The wine world can be an overwhelming place for even the most experienced drinkers and this style of service certainly has advantages when it comes to breaking down knowledge barriers. To build a wine list that isn’t just the classic choices from well-known regions, a bar program has to choose varietals from producers and regions that may not be as well known. But putting these wines on a list without much other information on how they taste can be intimidating and can often push guests to choose what they’re most comfortable with instead of trying something new.

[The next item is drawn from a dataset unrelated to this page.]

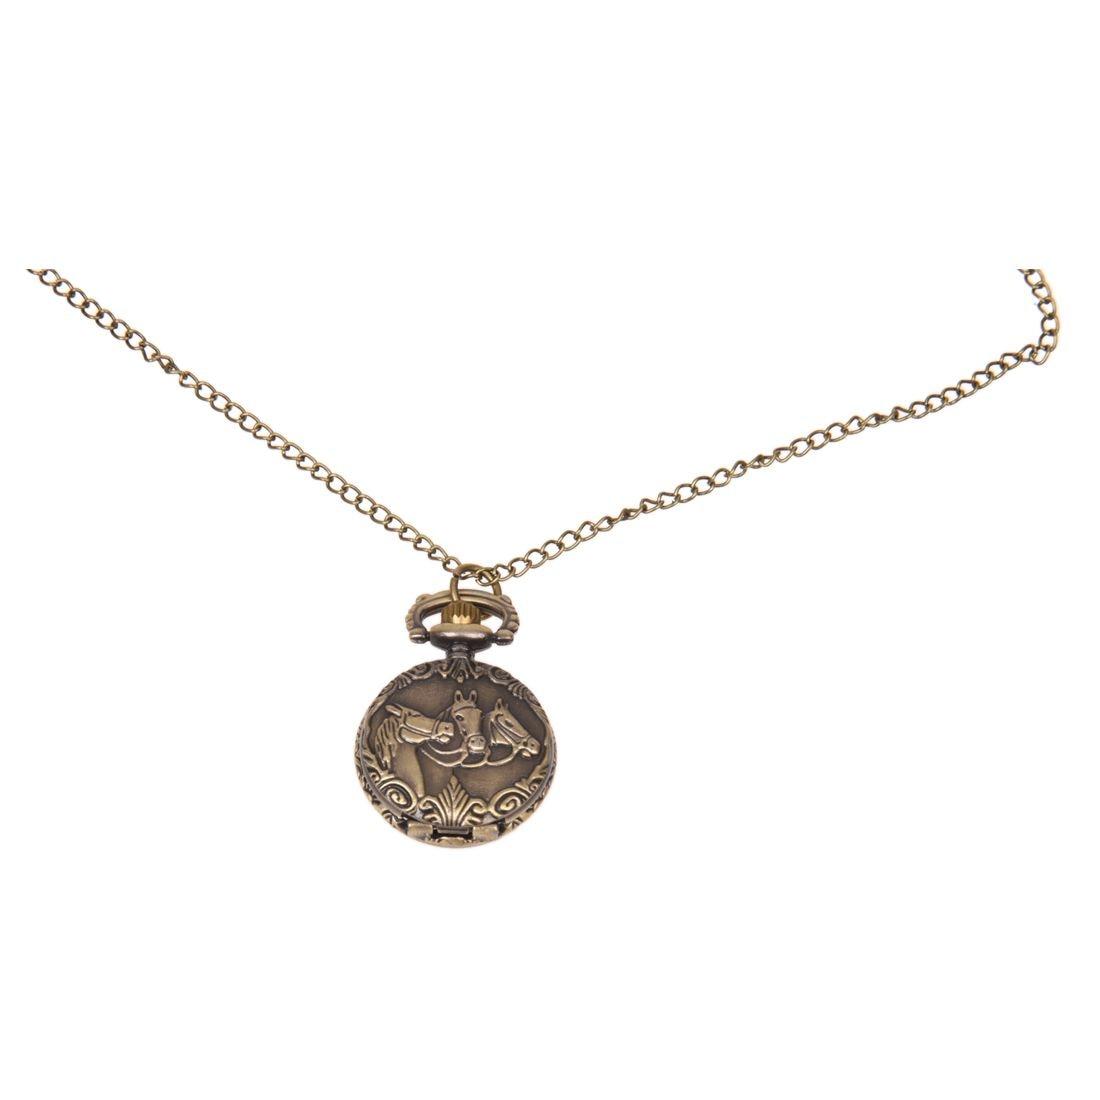 Оптовая продажа бронзовые 3 лошади гравировка кварцевые карманные часы ожерелье 50psc/лот

By conversing directly with patrons and putting forth wines in an accessible and casual manner, the overwhelming process of choosing a wine can be lessened. However, it can be just as intimidating to not know the financial obligation you’re committing to when your order is placed.

On today’s episode of the “VinePair Podcast,” Adam and Zach discuss an emerging trend in wine service where, in lieu of a printed menu, a selection of wines is brought to the table and offered to guests. Is this kind of service enough to entice uncertain or skittish wine drinkers, or is it doing too much? Tune in for more.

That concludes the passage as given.